Last weekend, another group of neighborhood residents rallied in the Fruitvale district—which has also been hard hit by the crime wave—to call for increased police patrols. 

At the earlier PUEBLO meeting, Brooks had charged that Oakland Mayor Jerry Brown—who is running for California attorney general—and Council President Ignacio De La Fuente—who is running to succeed Brown as mayor—had helped to hold up implementation of Tucker’s redeployment plan in order to gain the support of the police officers’ union in their political races. De La Fuente was absent from last Tuesday’s council meeting but spoke at the Saturday Fruitvale area rally. Under the strong mayor law, Brown is not required to attend council meetings. He rarely does and was also not present at Tuesday’s session. 

Tucker is scheduled to report back to councilmembers on the results of those negotiations this morning (Tuesday, March 14) at the 11 a.m. closed session. According to District 2 Councilmember Jane Brunner (North Oakland), councilmembers may hold a special open noon council session “depending on what we get in the report.” Presumably, if no agreement has been reached between the chief and the union, the council will vote on the emergency declaration at the noon session. 

Brunner, who sponsored a separate resolution at last Tuesday’s meeting—also passed unanimously by council—that called for the police department to fill the 89 patrol officer vacancies “absolutely no later than Jan. 1, 2007,” said that the shortage of patrol officers and the current police deployment plan was causing critical police services to be taken out of her district. “I’m tired of fighting for my crime reduction teams not to be taken out of North Oakland,” Brunner said. “Once again, they took them out this week. That’s unacceptable. We should have enough officers on the street that every district has a crime reduction team.” 

The crime reduction teams are small squads of officers that crack down on known crime hot spots. Two years ago, when the CRT was temporarily pulled out of North Oakland to conduct sideshow patrols in East Oakland, the murder rate in North Oakland tripled. 

The Oakland City Council is scheduled to go over details of Brunner’s “full staffing” resolution at its regular March 21 meeting. 

With neighborhood residents rallying outside the council meeting in support of increased police patrols, citizens inside supported the chief’s deployment plan. 

Preston Turner, chair of the Neighborhood Community Police Committee of Beat 27X (Melrose and Maxwell Park), one of the areas heaviest hit by the recent violent crime wave, told councilmembers, “We feel that Chief Tucker’s hands have been tied because of politics.

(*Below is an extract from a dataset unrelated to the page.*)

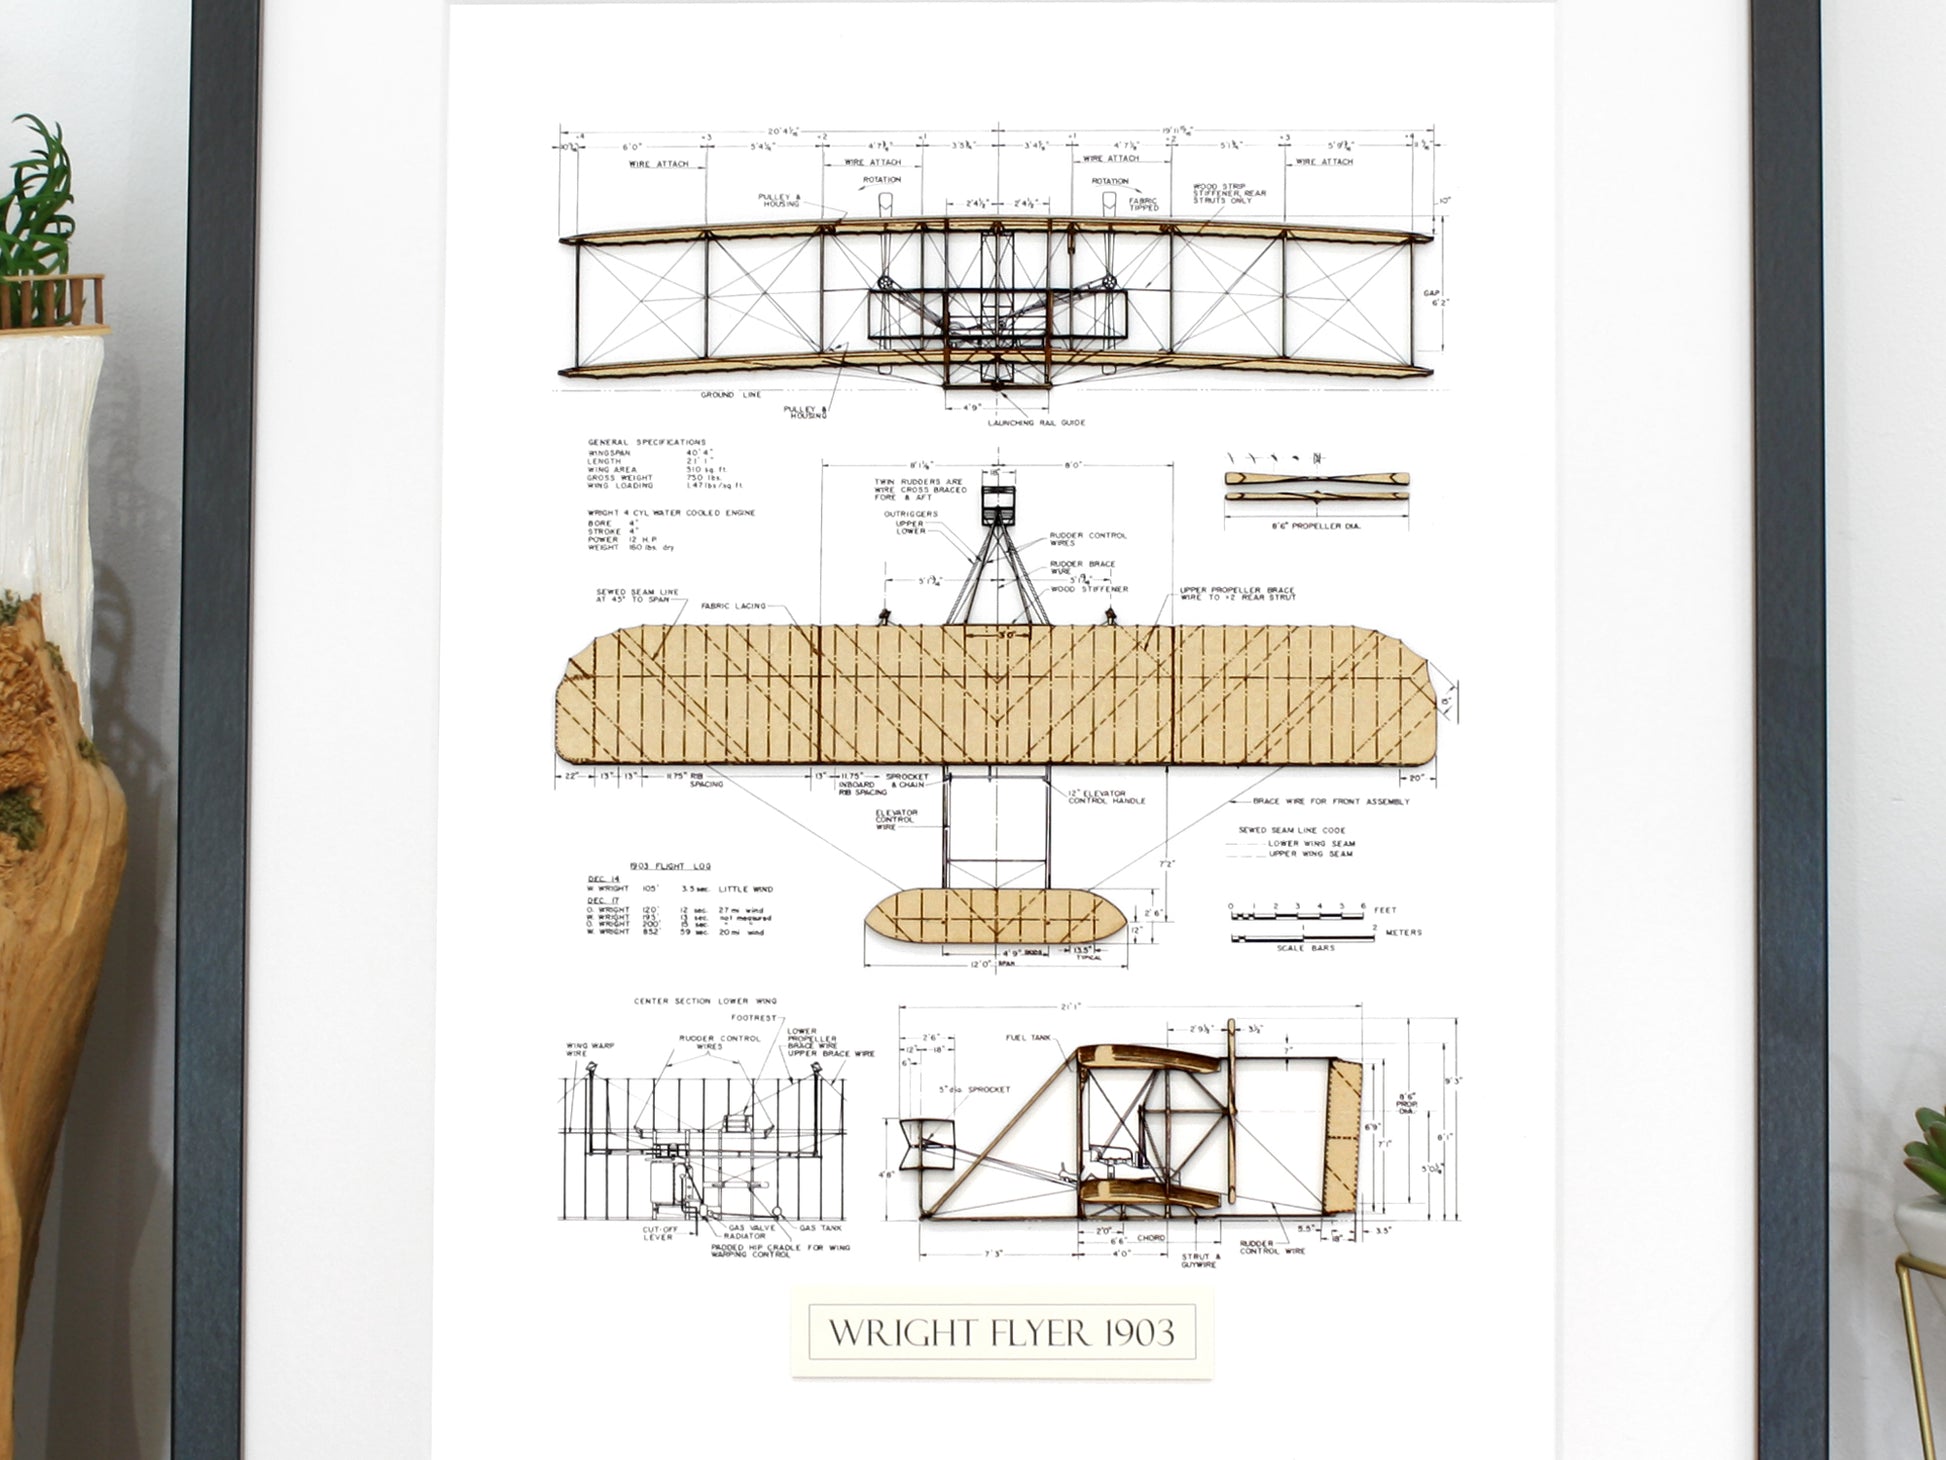 Wright Flyer pilot gifts

We’d like the mayor, the president of the council [Ignacio De La Fuente], and all of the councilmembers to embrace the chief’s plan and roll it out as soon as possible. The bullets have no eyes.” 

Turner said that recent homicides in the Melrose/Maxwell Park area were “only two or three blocks from my house.” 

Former Oakland School Board member Toni Cook, who had attended the PUEBLO meeting where Brooks and Tucker originally announced the deployment plan, said that she was “horrified to learn that we have to bribe our police officers to do their job.” 

And PUEBLO Executive Director Rashidah Grinage, who has been holding weekly meetings with Tucker on police-community issues, added that “the chief is a professional who has done this type of work for many years. Folks who are looking at their own bank accounts, their own wallets, and their own political careers are putting that over the safety of the citizens of Oakland. We need to look at who is behind blocking this plan, and why.”